WAN optimization-as-a-service provider Aryaka has announced an aggressive buyback program that targets competitor Riverbed's customers, adding a new point of contention to an already heated rivalry.

Aryaka is offering reimbursement to buyers of Riverbed Steelhead appliances who switch to the former company's service, per a Tweet posted on Tuesday. The company explains that it will pay "100% of the remaining value of all Riverbed Steelhead appliances."

[MORE CLOUD: Amazon slashes prices up to 80% to lure public-cloud wary enterprises]

Aryaka CEO Ajit Gupta said in a statement that the move should help free up new customers.

"We designed the Riverbed Steelhead 100 Percent Buy Back Program to help companies remove the constraints imposed by on-premise solutions vendors now rather than wait for refresh cycles on equipment months or years down the road," he said.

Riverbed had no comment for this story as of the time of publication.

A "competitive document" written for a client by Riverbed recently wound up in the hands of Aryaka, provoking a heated exchange of blog posts and public statements.

The comparative analysis of the companies' offerings unsurprisingly casts Riverbed's technology as more mature and robust than Aryaka's, painting the smaller company's infrastructure as rudimentary and its feature set as spotty. Specifically, Riverbed claims that Aryaka's 25 points-of-presence simply aren't enough to guarantee easy direct access for all potential customers, and that it lacks last-mile optimization capability.

Aryaka's response, published late last month, was headlined with an Abraham Lincoln quote that includes the word "slander."
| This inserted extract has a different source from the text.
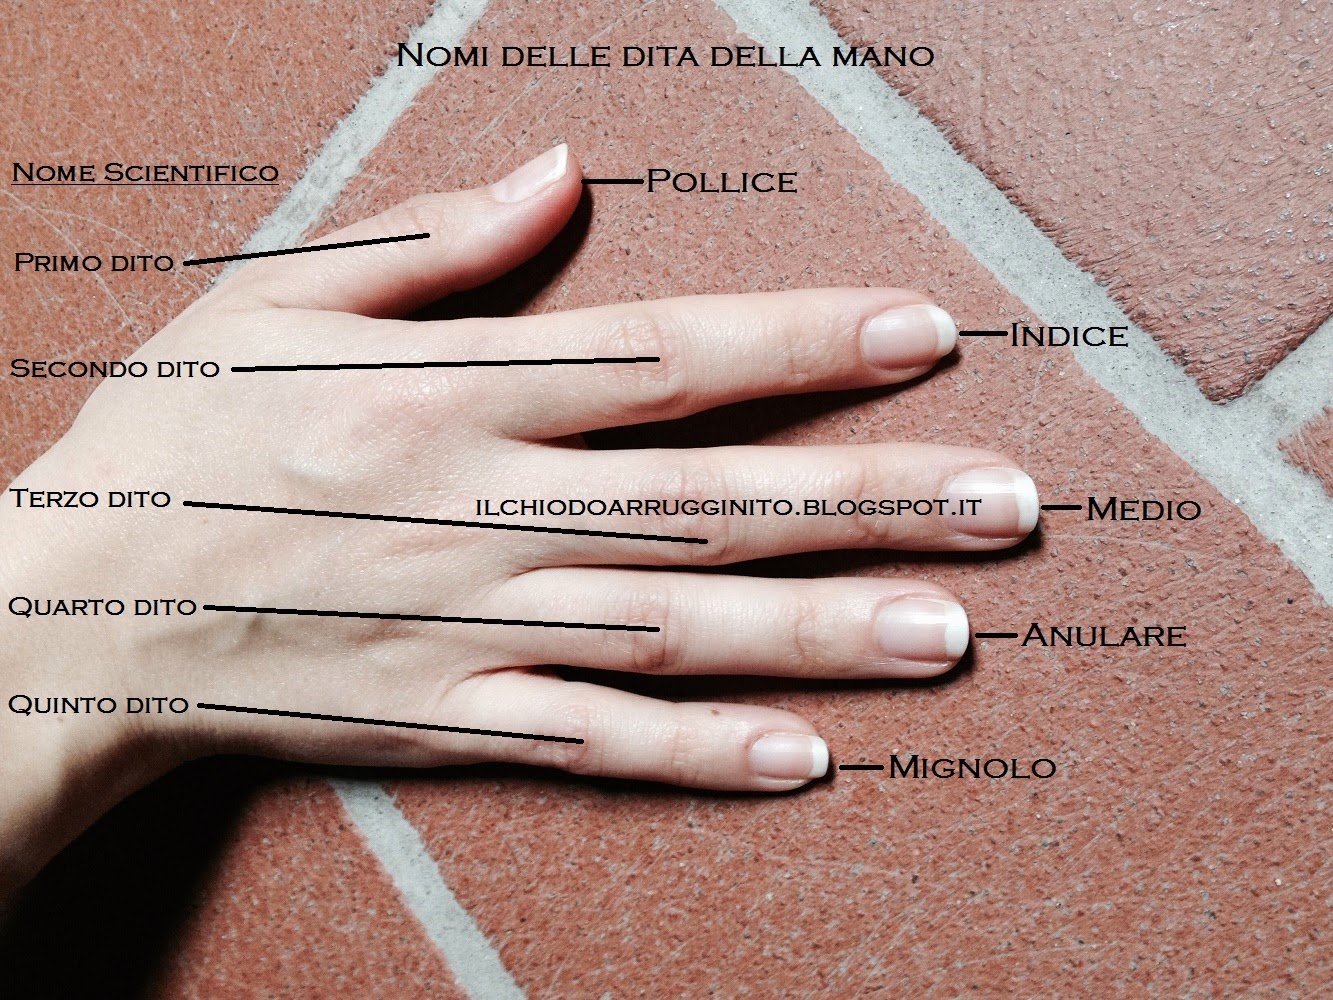 Quali sono i nomi delle dita della mano

"My first thought was: why would a successful public company like Riverbed with a billion dollars in revenue write and share a document like this?" wrote marketing and sales vice president Sonal Puri. "Then it struck me! We are perhaps the biggest threat to them in their 10+ years of existence."

Aryaka attacked much of Riverbed's criticism as FUD, characterizing several specific points as either inaccurate or irrelevant. Puri's article, however, also slammed the larger competitor for being generally out of touch and pointed to Riverbed's declining earnings figures as evidence that the company is behind the times.

Riverbed's Steve Riley returned fire, saying that, actually, Aryaka's description of his company's services amounted to FUD, and jeering the idea that Riverbed is at all worried about being supplanted by Aryaka.

"Yes, every day of every week of every year, we huddle in our dreary, frozen offices, perpetually glancing around dark and spooky corners. Every little bump gives us the heebie jeebies! Every frothy blahg post makes us cower in a torpid stupor! Or a stupid torpor! Or something! Ah, we are ascared, you guyz," wrote Riley, tongue firmly in cheek.